**Problem description:** Beneath this line sits some data. Return only its lines from the one holding "Nike Lunar Air" through the one holding "2019 CARVER C52 Motor Yacht 2520776", inclusive, exactly, with the images removed.

**Dataset excerpts:**
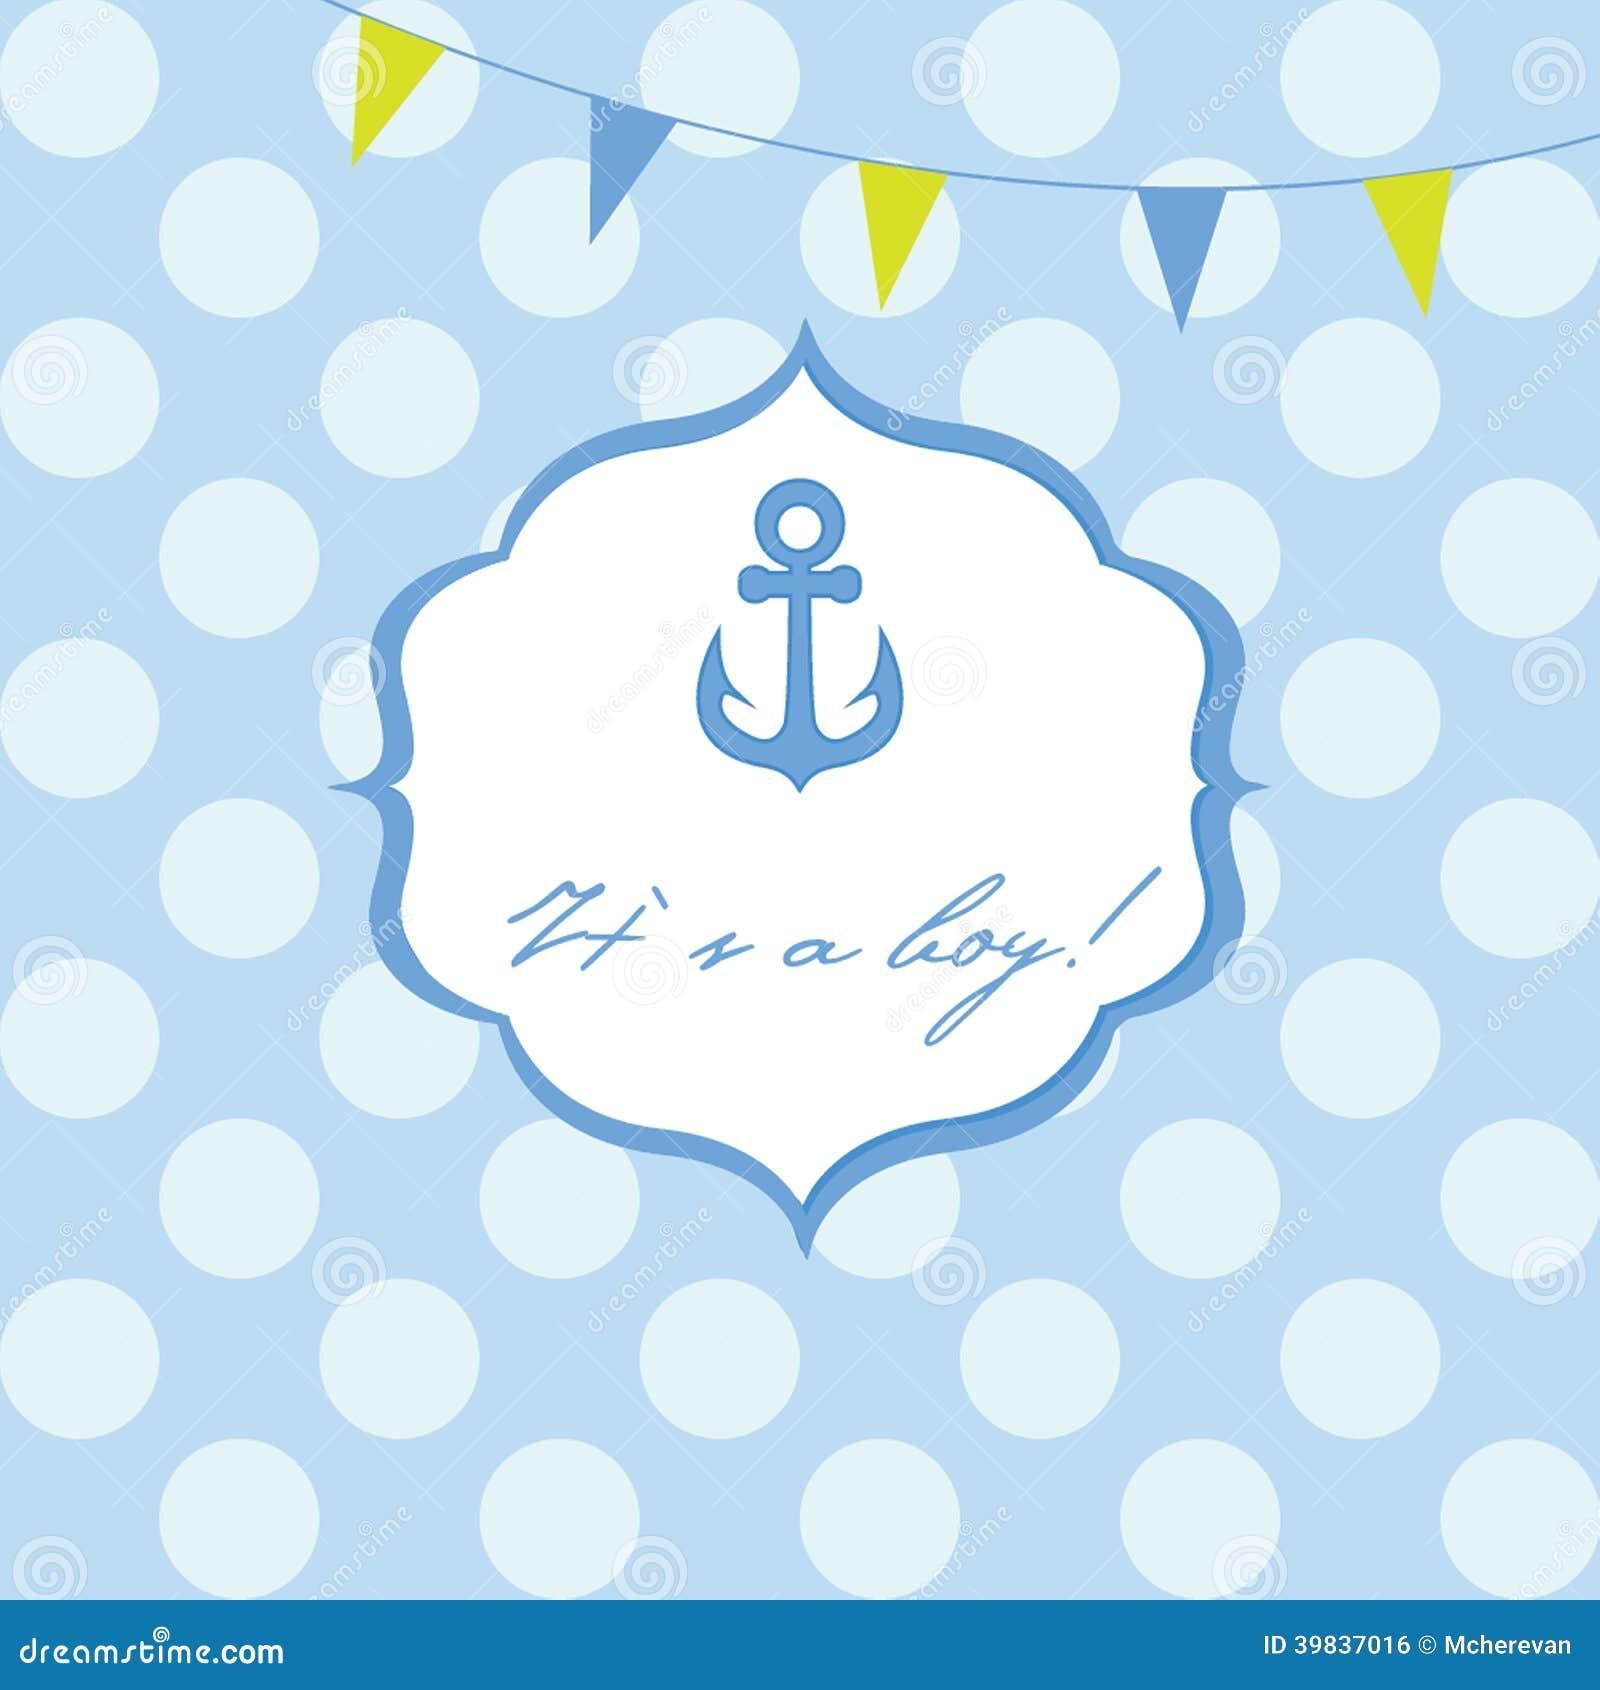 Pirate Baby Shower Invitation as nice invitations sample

* * *

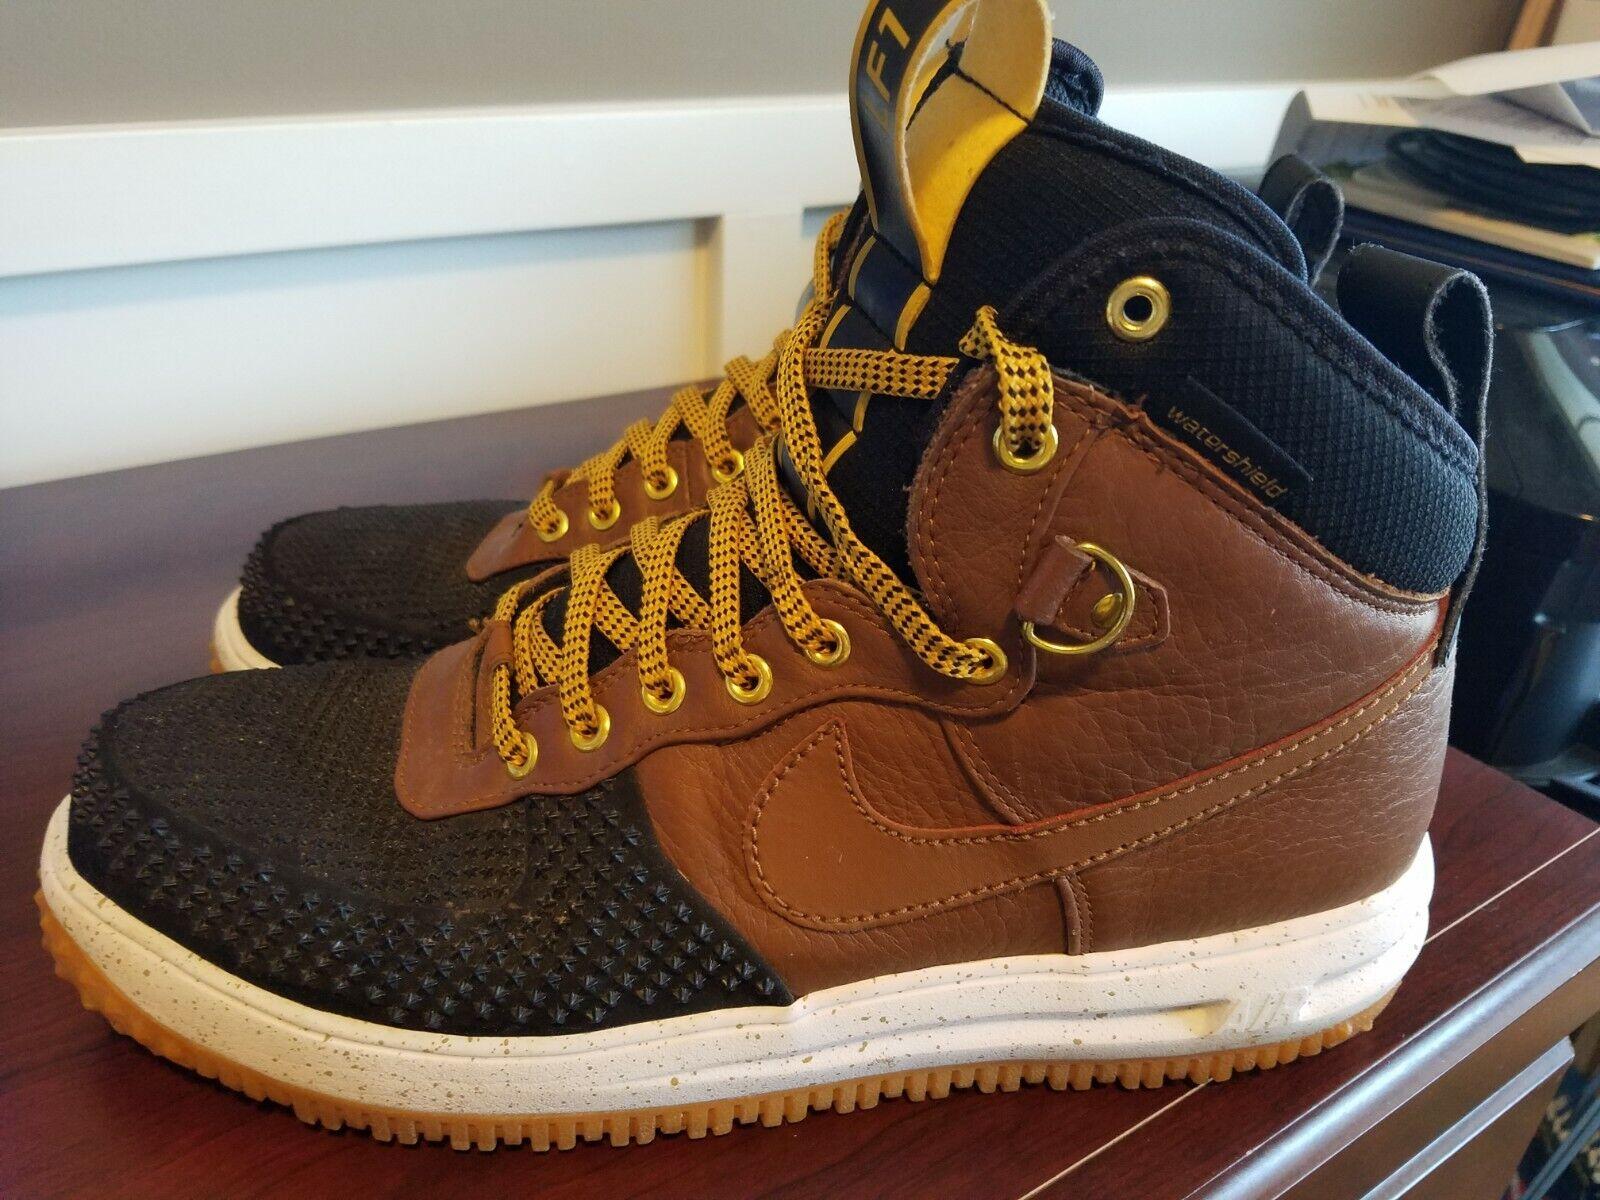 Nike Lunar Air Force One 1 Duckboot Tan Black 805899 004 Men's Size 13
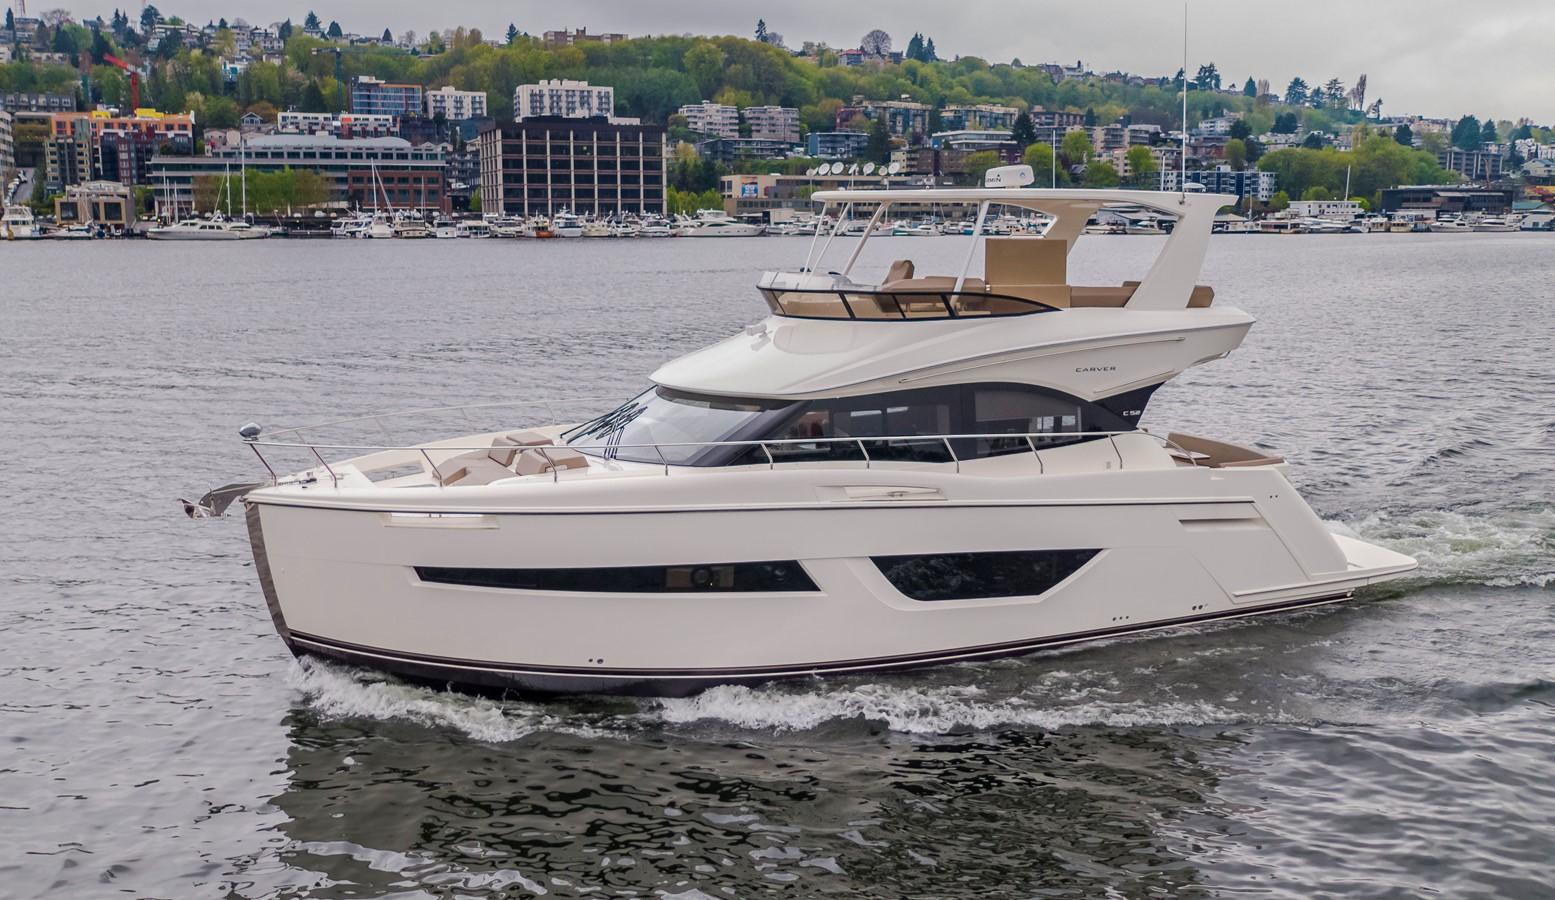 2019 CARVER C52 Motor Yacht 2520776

**Final answer:**
 Nike Lunar Air Force One 1 Duckboot Tan Black 805899 004 Men's Size 13
 2019 CARVER C52 Motor Yacht 2520776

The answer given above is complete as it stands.